The end of a long journey is at last in sight for the Carlyle Group. The US private equity firm first entered into its alliance with China Pacific Insurance in December 2005, paying US$410 million for a 24.9% stake in China Pacific’s life insurance subsidiary.
Private equity investments of this scale are rare in China. And it is even rarer for a foreign buy-out fund to be permitted to take such a large stake in the country’s closely guarded financial sector. The injection of capital and expertise – Carlyle brought in Prudential Financial as a strategic investor to share its insurance experience – was supposed to put China Pacific on the fast track to compete with the likes of China Life and Ping An.
Now one of the final pieces of the plan has fallen into place: China Pacific has received the green light from Beijing to sell shares in Hong Kong.
The offshore initial public offering (IPO) would have been part of the deal from the outset, simply because Carlyle needs to realize some, or all, of its stake in US dollars so it can make distributions to investors. But the process has been protracted by the financial crisis.
China Pacific listed in Shanghai in December 2007, raising US$4.1 billion. Ahead of the IPO, Carlyle swapped its 24.9% stake in the life insurance subsidiary for a 19.9% holding in China Pacific itself, taking the total investment up to US$740 million in the process. After the IPO, Carlyle’s stake fell to 17.32%. Plans to follow this up with a US$4 billion share offering in Hong Kong, however, came to naught as the market for IPOs dried up.
Since the start of the year, the media has drip-fed rumors of a resumption.
In mid-July, China Pacific was said to be in discussions with investment banks on re-launching the IPO. The company wanted to find a way around its earlier pledge not to list shares in Hong Kong at below the value of its Shanghai IPO price of RMB30 (US$4.39) per share (unrealistic during a tepid back-end of 2009, especially given that dual-listed shares tend to trade at higher multiples in Shanghai than in Hong Kong).

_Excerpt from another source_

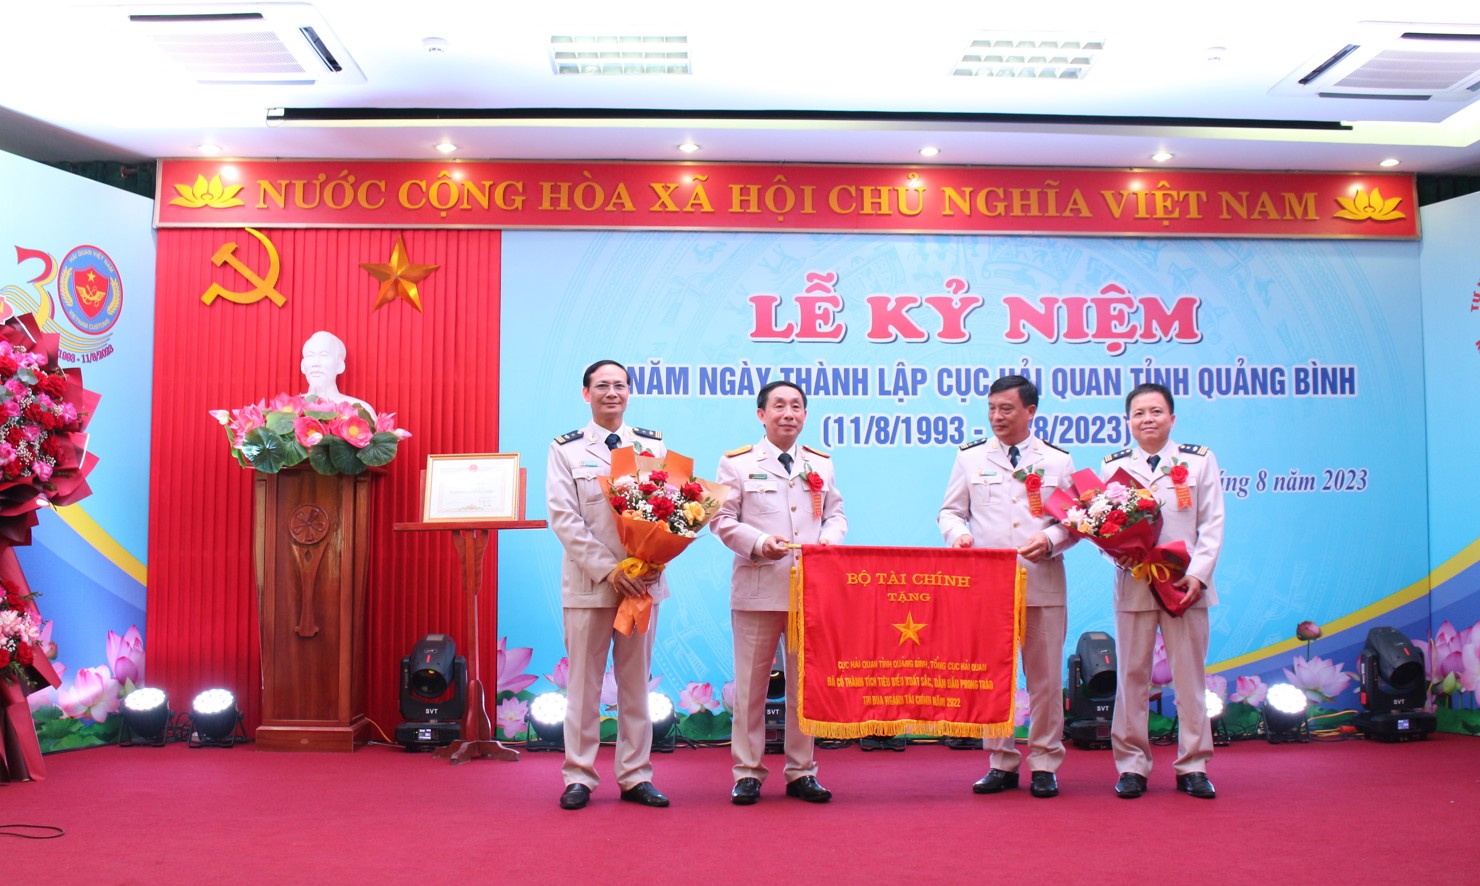 Thừa ủy quyền của Bộ trưởng Bộ Tài chính, Phó Tổng cục trưởng Tổng cục Hải quan Hoàng Việt Cường đã trao tặng Cờ thi đua của Bộ trưởng Bộ Tài chính cho Cục Hải quan Quảng Bình.
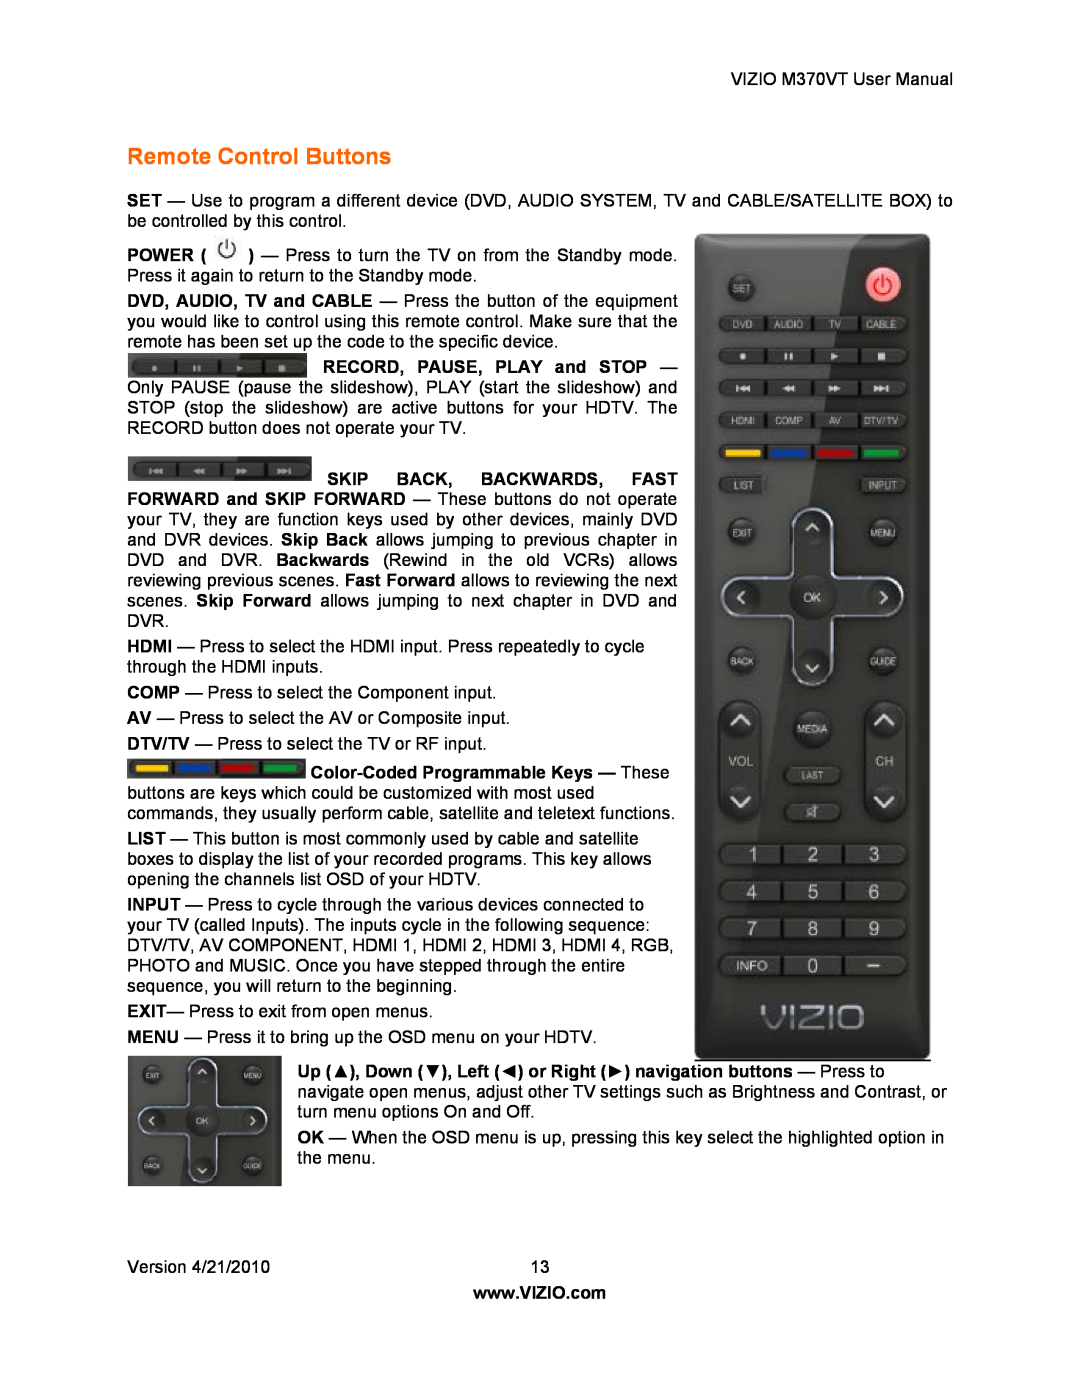 Vizio M370VT manual Remote Control Buttons

Two weeks later it was reported that the underwriters had been appointed, China International Capital Corp (CICC) taking the lead with UBS, Goldman Sachs and Credit Suisse helping to arrange the share sale.
Finally, on Wednesday, China Pacific said it had received approval from the China Securities Regulatory Commission (CSRC) to list up to 990 million shares overseas. The company has said it won’t sell for less than RMB23.52 a share, which puts it on course to raise at least US$3.4 billion.
Carlyle probably won’t cash in its entire stake in China Pacific once the lockup period ends – private equity firms are loath to confirm Beijing’s worst fears that they are nothing more than financial mercenaries – but it is sitting on a huge paper gain. Based on China Pacific’s Shanghai share price, the original investment is now worth at least US$5 billion. Money worth waiting for.